While building with Llama 2, this project is intended to leverage its factual accuracy and consistency by providing it with reliable and up-to-date information from the knowledge base. Achieving this involves the model with an external database that could be used to store such novel information.

In order to keep it as simple as it goes, this project focuses solely on meeting the outlined objectives without delving into alternative technologies that would certainly complement the project but are outside its specific scope.

Chatbot Scheme Overview

chatbot application scheme

Let's break down the scheme overview into key steps:

Step 1: Loading External Documents

To build a robust knowledge base for Llama 2 model, we begin by loading external documents by using DirectoryLoader library, importing a collection of documents that will serve as additional Llama 2 model's knowledge base.

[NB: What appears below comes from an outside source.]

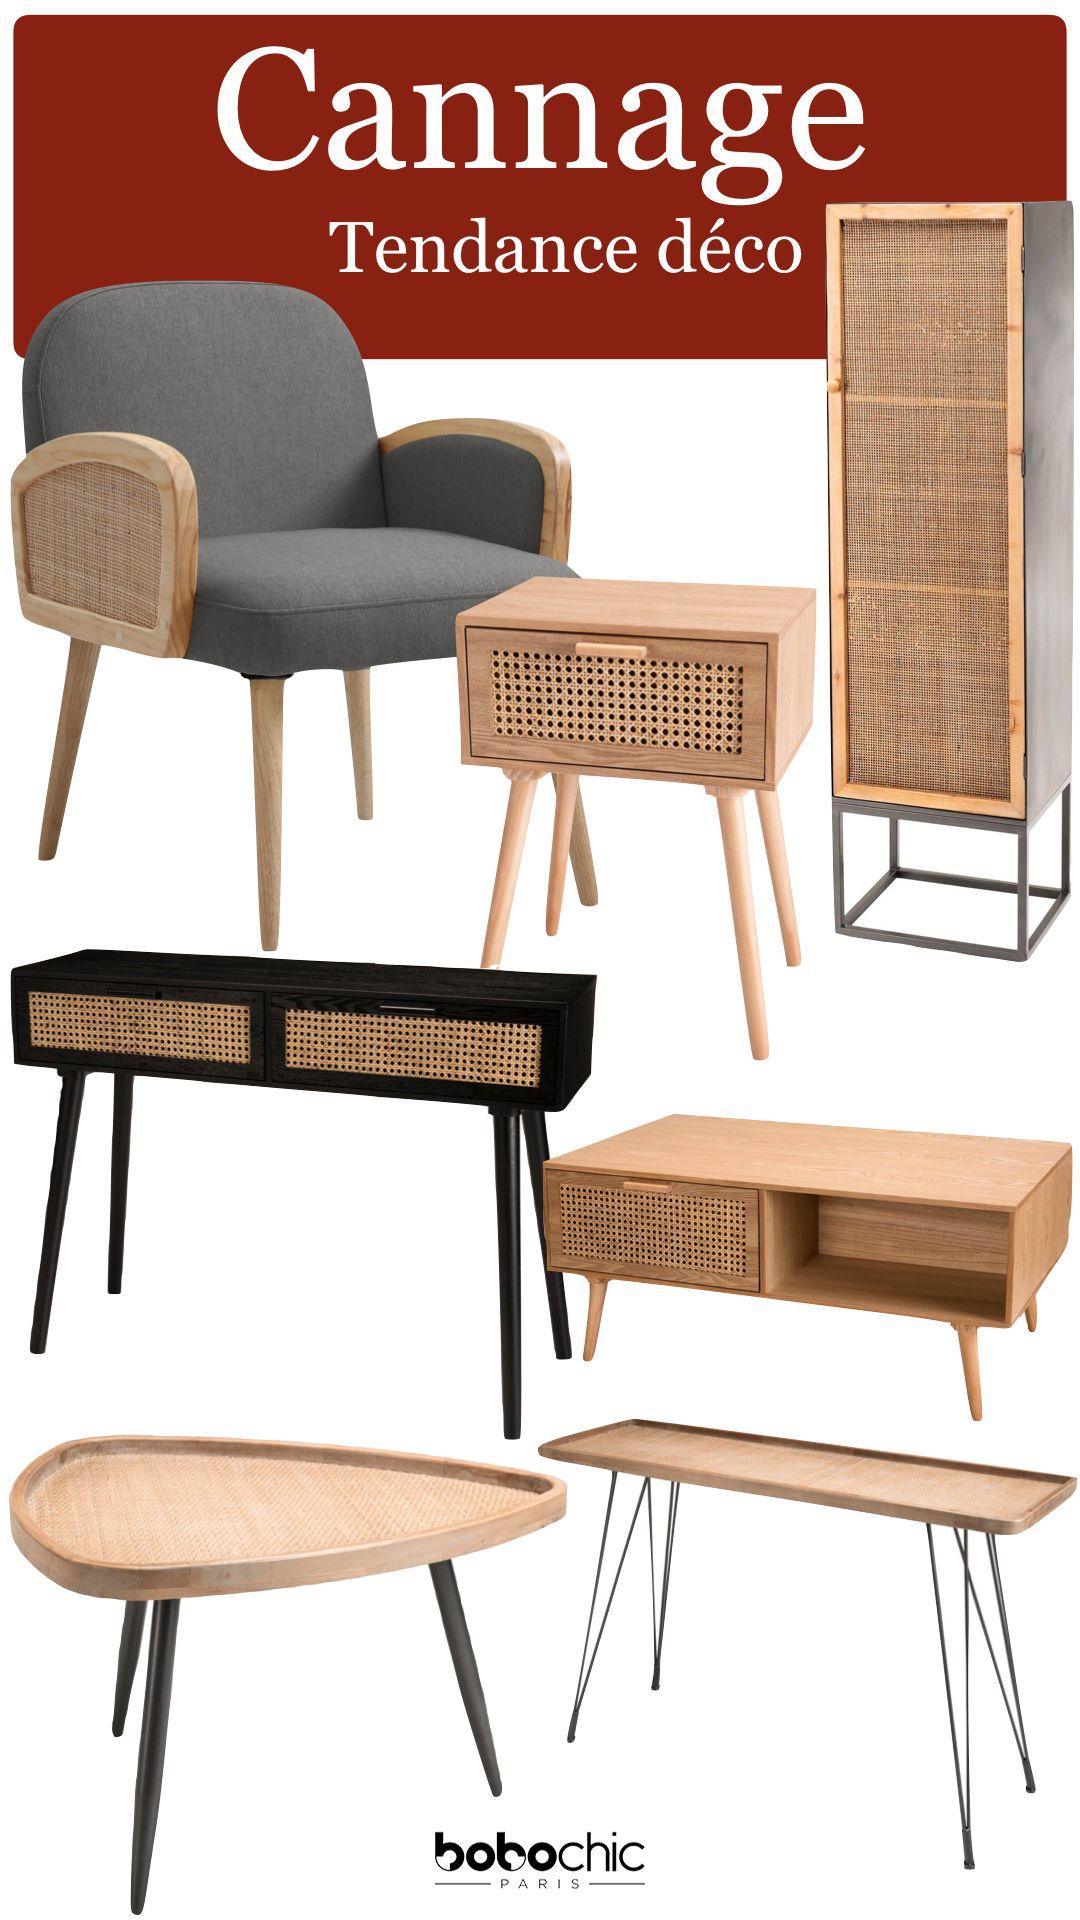 Tendance Deco Cannage Mobilier Moderne Meuble Salon Bobochic Table Basse Gueridon Meuble Tv Bois En 2020 Mobilier De Salon Decoration Interieure Chic Deco

Step 2: Text Chunk Splitting

After loading the external documents, the next crucial step involves breaking down the content into manageable pieces. This is accomplished using RecursiveCharacterTextSplitter library, which facilitates the division of documents into smaller text chunks. This process ensures that Llama 2 model can efficiently process and analyze the information.

Step 3: Sentence Transformation

SentenceTransformerEmbeddings library is a powerful tool that transforms individual sentences within the text chunks into representational vectors. By converting the textual data into numerical embeddings, we are able to capture semantic relationships and nuances, facilitating more effective comprehension.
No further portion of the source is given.